══ Available data ══

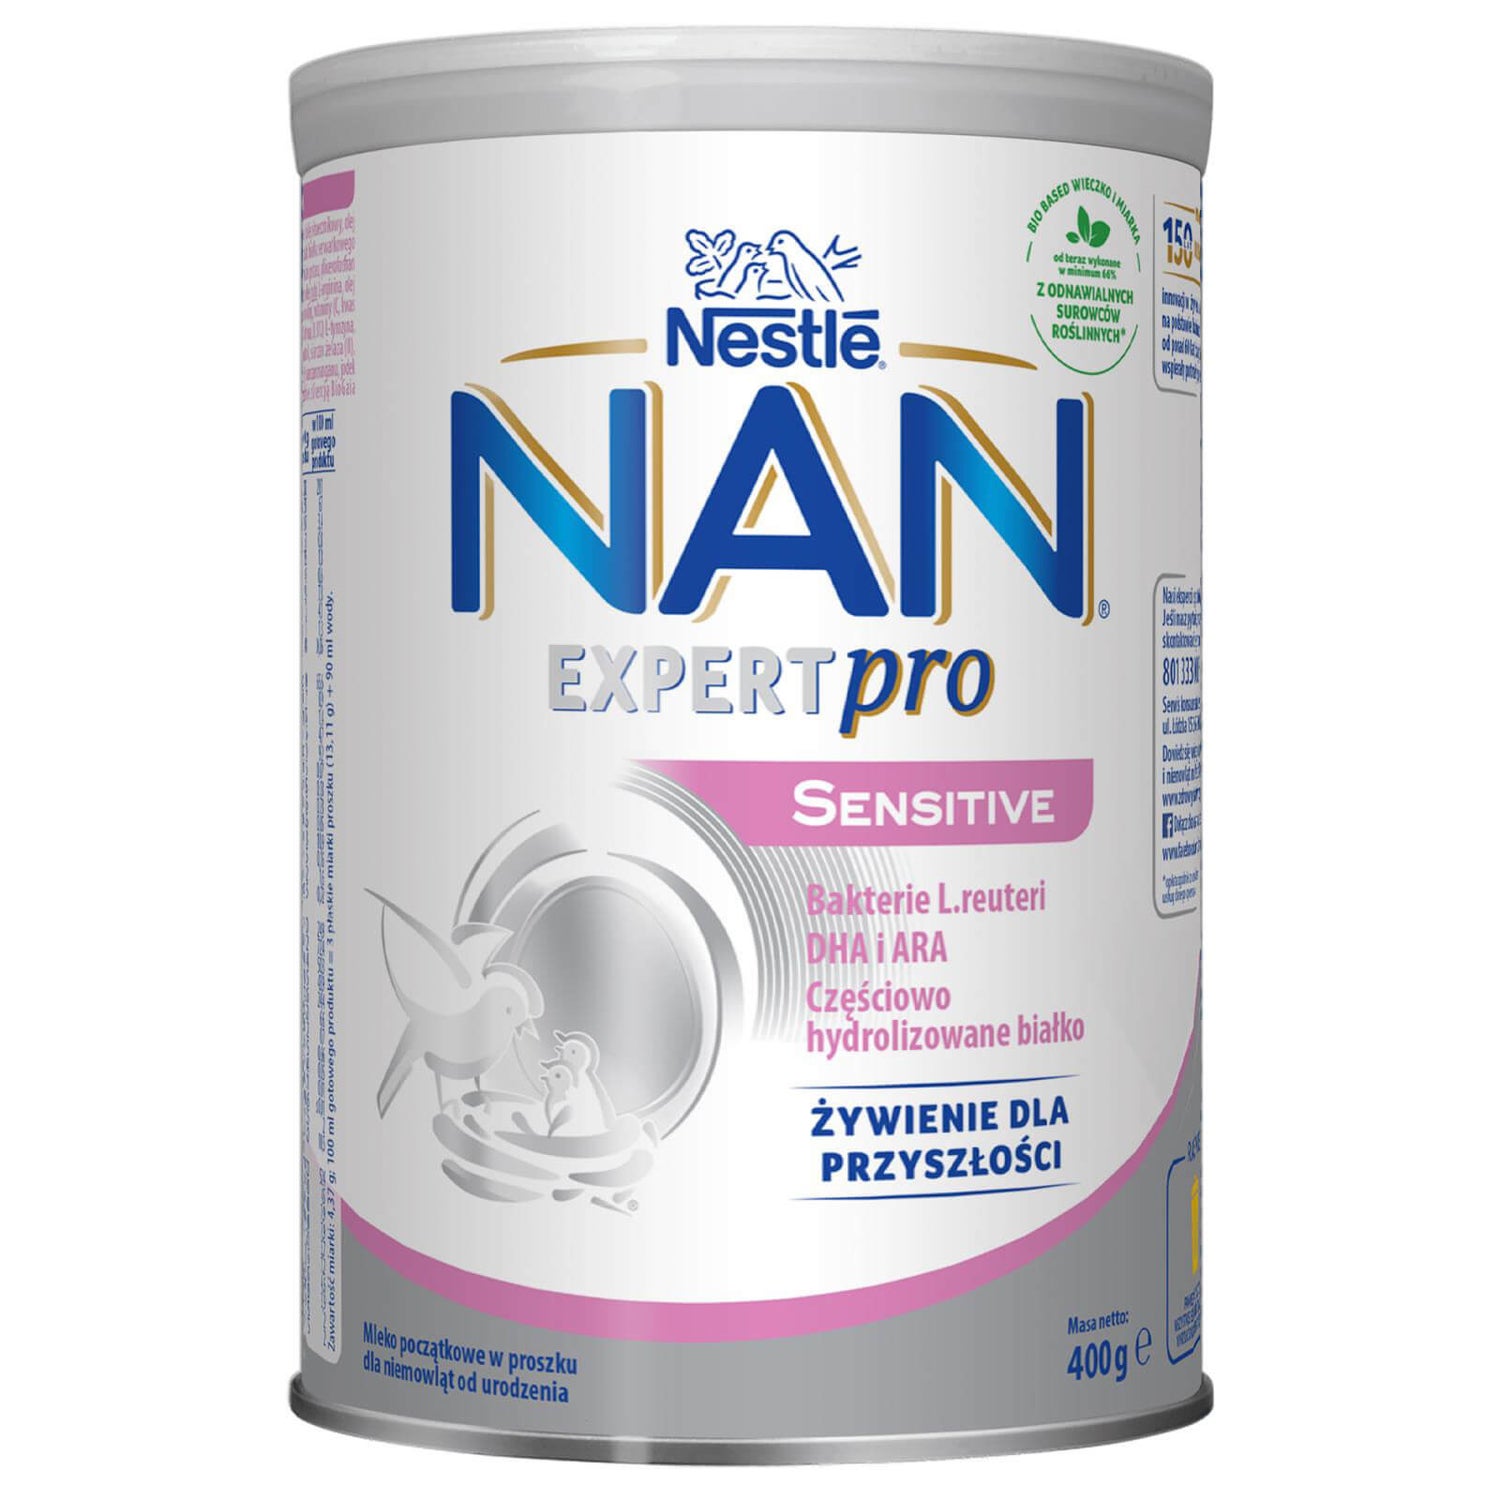 Nan Expertpro Sensitive - 400g
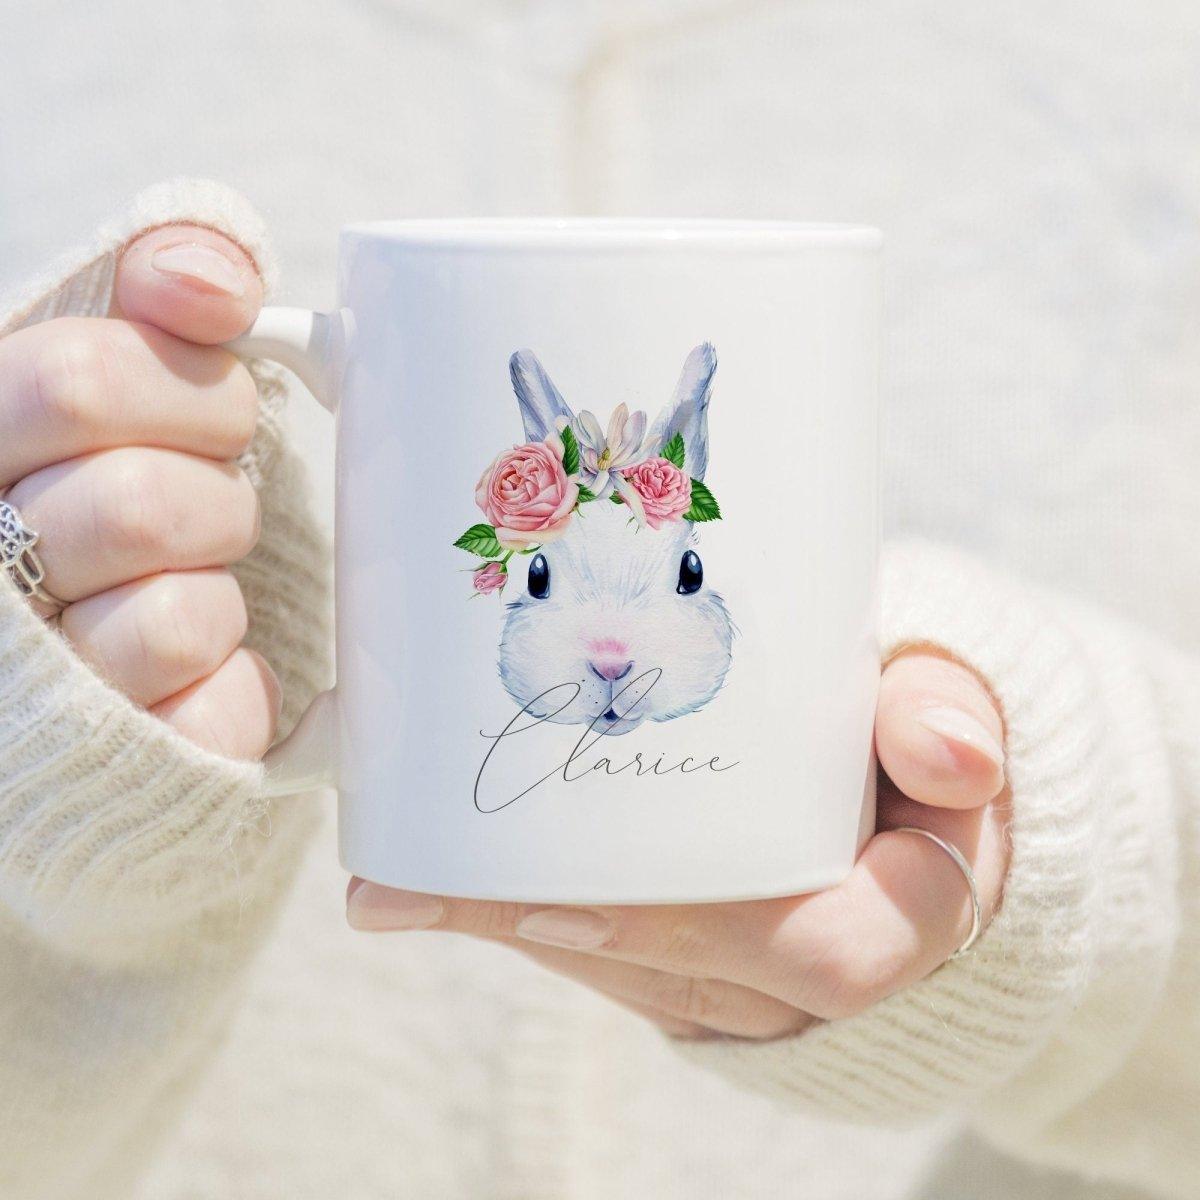 Personalised Easter Bunny Mug, Easter Mug Gift, Personalised Bunny Mug, Easter Gift for Her, Bunny Mug, Easter Mug, Spring Mug, Easter Decor - Amy Lucy
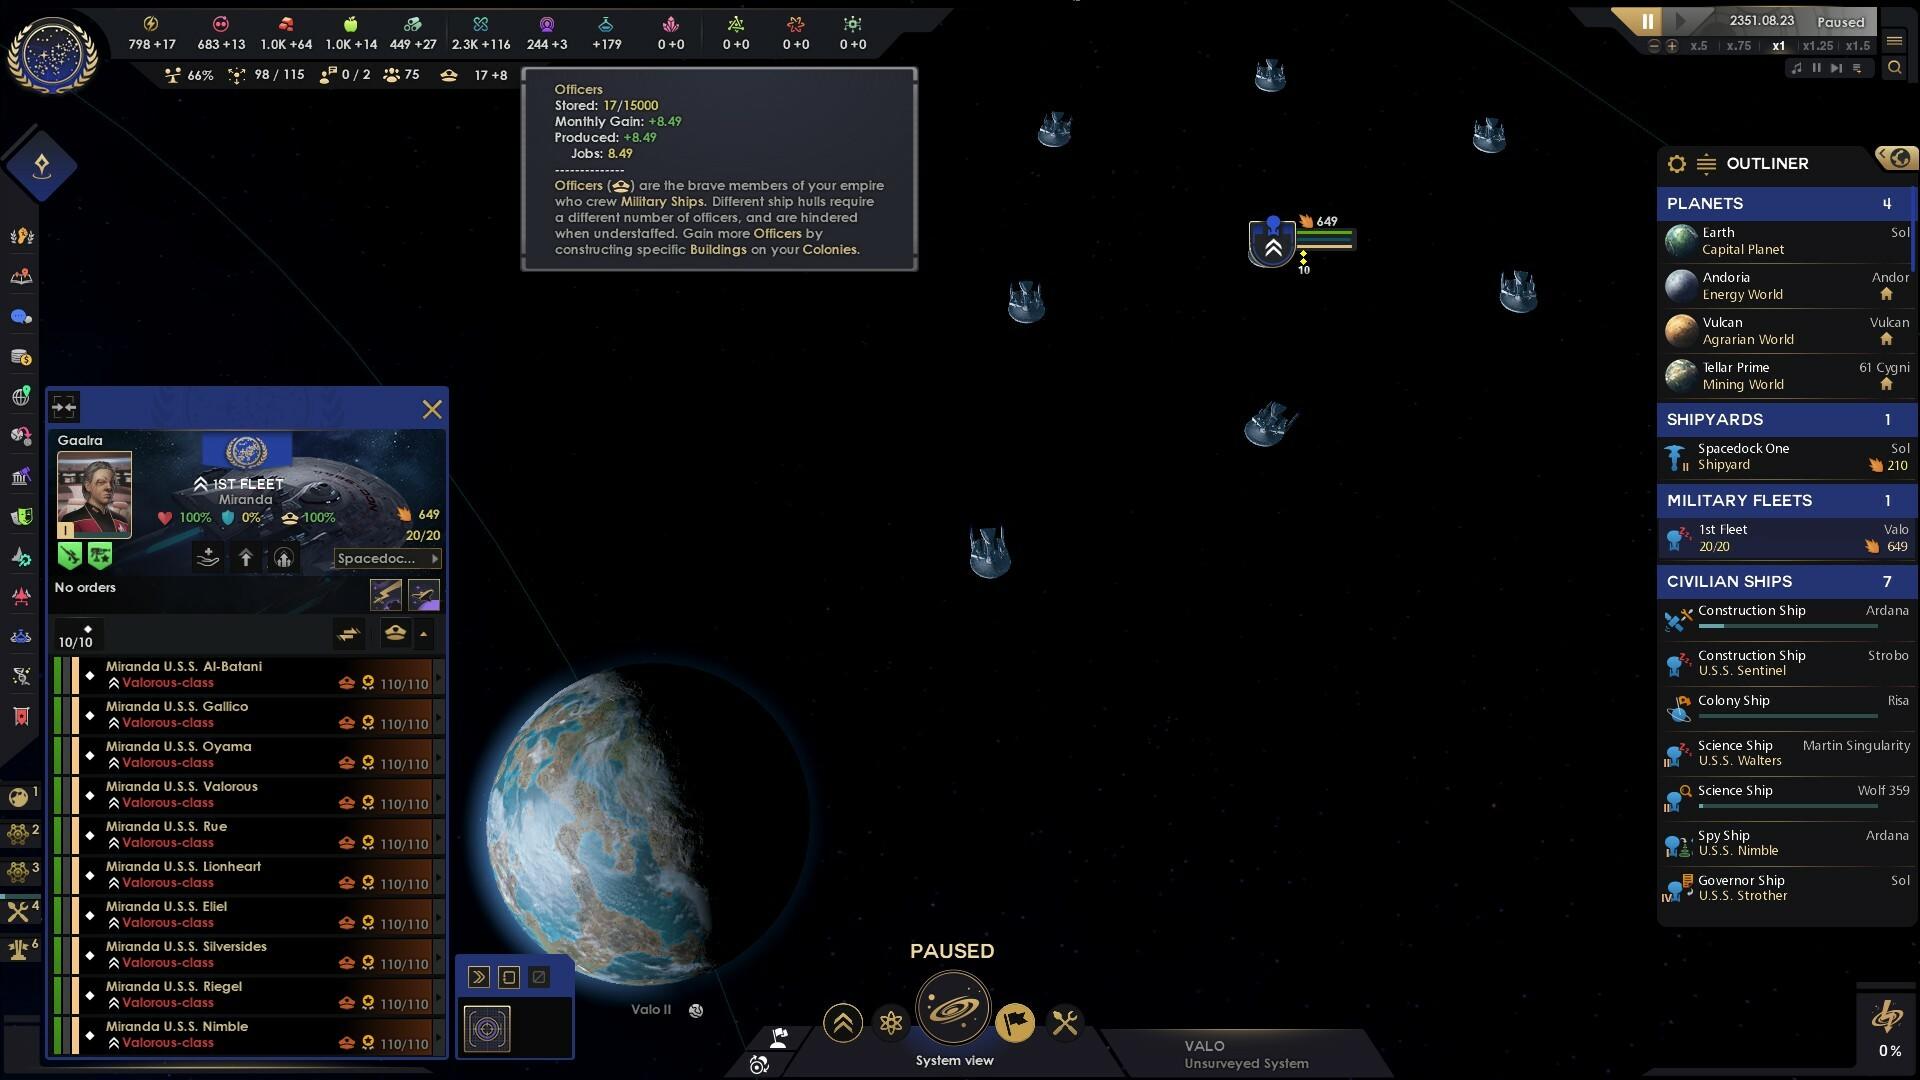 Star Trek: Infinite screenshot game

═══

## Task statement
Could you restate all of the data above word for word and skip every picture?

## Answer for this exercise
 Nan Expertpro Sensitive - 400g
 Personalised Easter Bunny Mug, Easter Mug Gift, Personalised Bunny Mug, Easter Gift for Her, Bunny Mug, Easter Mug, Spring Mug, Easter Decor - Amy Lucy
 Star Trek: Infinite screenshot game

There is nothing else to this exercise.